Artists responded to the theme ‘Water/River’ and sent their proposals to Riba Rocks for consideration. The four selected works showed such diversity in content and concept.

James Aldridge

I am a Wiltshire (UK) based visual artist working with people and places. I research different places through walking/cycling, collecting and recording, and I reflect on/share these experiences through making.

I work with a variety of media, choosing those of relevance to the place/subject matter, from ‘natural’ and recycled materials, gathered locally, to photographs, text and video. The resulting artwork may take the form of small hand-held objects, wearable artwork, freestanding sculpture or large site-specific installations.

This individual side of my practice is interwoven with participatory elements, writing and mentoring. The individual and the participatory each feed into and inform the other, generating a body of practice-led research into the value of artful, embodied and situated (place-based) practices.

Sarah Misselbrook

Misselbrook, was born in the United Kingdom in 1977. The artist graduated with honours in Fine Arts in 2000, Nottingham Trent University (UK) and it is from then on, when she begins her multimedia practice. In 2007, she studied for a postgraduate degree in Fine Arts at the Cyprus College of Art, Paphos. In 2011, she studied a Master of Fine Arts at the Winchester School of Art (UK). Since 2012, Misselbrook has lived in the Riba-roja d’Ebre countryside, which serves as her connection and is her source of inspiration for her works.
Her practice includes ‘performance’, video recordings with her voice in isolation and ‘site-specific’ sculptural installations. She addresses various topics such as gender, feminism, the female body as a canvas, and consumption. In this sense, she focuses on the individual responsibility of consumption and its environmental consequences. To do this, she uses degradable or edible materials such as chocolate, soap, latex, soil or wax.

The juxtaposition of hard against soft, light against dark, and sensual against skeleton are elements of Misselbrook’s visual language. In short, an internal struggle in a body that is all-consuming. Recently, she has been invited to create an installation and a performance in the Maials forest, which was
devastated by a forest fire in June 2019. The work is part of the ‘Cendrart’ project. Her works are the result of the total immersion in the rural environment and the constant research on the balance between life and death, transience and fragility.

E Serkan Sokmen

I was born in 1980 in Ankara, Turkey. I was introduced to traditional drawing through comics and BASIC programming through Commodore64 at an early age and developed a passion for both fields. I began my university education at Hacettepe University’s Department of Economics in 1999. While studying at the university, I did both personal and commercial studies in web programming, 3D animation, and modeling.In 2004, I pursued my interest in art and left the Department of Economics to study sculpture at Hacettepe University’s Faculty of Fine Arts. In 2008, I graduated with the highest degree and worked as a Research Assistant in the same department. My master’s thesis was on the applications of human-machine interaction, algorithms, and image-processing technologies in performance arts. I participated in numerous national and international symposia, workshops, and art festivals as an instructor.My individual and academic works were displayed in numerous personal and group exhibitions. Since 2010, I continue my career as a software architect in start-ups in Turkey and abroad. My current interests include game development, open-source technologies, creative coding, machine learning, artificial intelligence, and augmented reality.

Romina Cristi

I’m a Chilean artist living in Santiago, just next to the Andes Mountain Range. I paint landscapes and subjective maps in watercolour and create zines and artist books. 

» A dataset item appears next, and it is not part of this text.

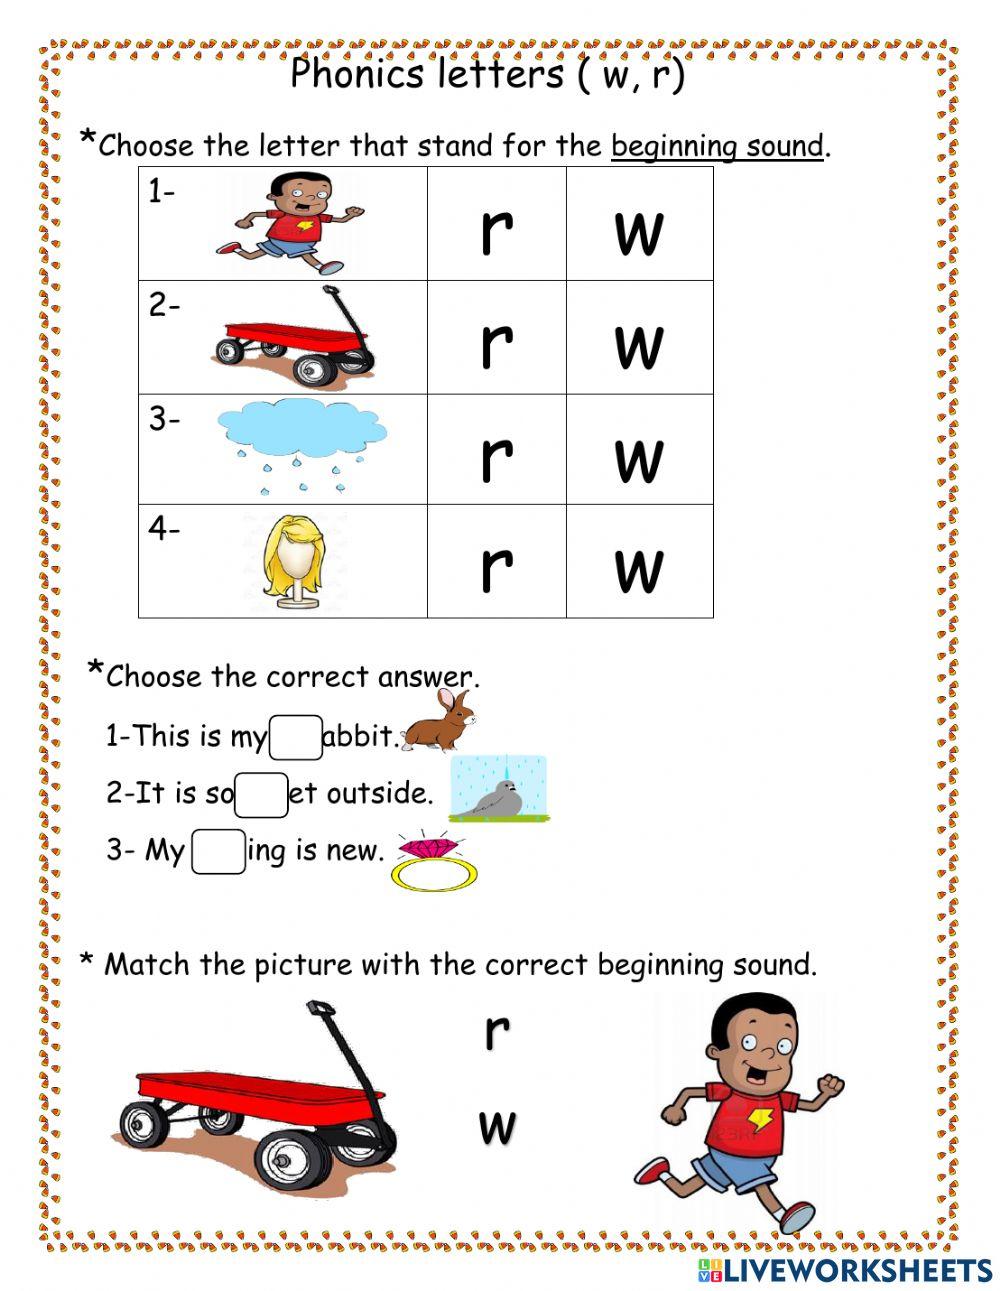 Letters sound (w,r)

My work is the trace of the habits and rituals I build in order to define my reality and it focuses on the perception I have of the place that surrounds me and the one inside me.

I create artworks that are mostly small, even miniature. Mainly in series. These are the witnesses of the actions I obsessively repeat to integrate that which intrigues me. This is also a reminder to myself (and you) that beauty resides in the tiny details of life that, sometimes, we take for granted.

My education is in architecture and I’m deeply curious about the subjective dimension of human dwelling. That’s why you might relate my work to concepts such as Urban Imaginaries, Psychogeography and Walking. For the last eight years my life used to be quite nomadic, that’s why questions like how I am connected with a territory, how it influences me and how I adapt when moving, are the fuel for my art, especially now that I’m back to my home land.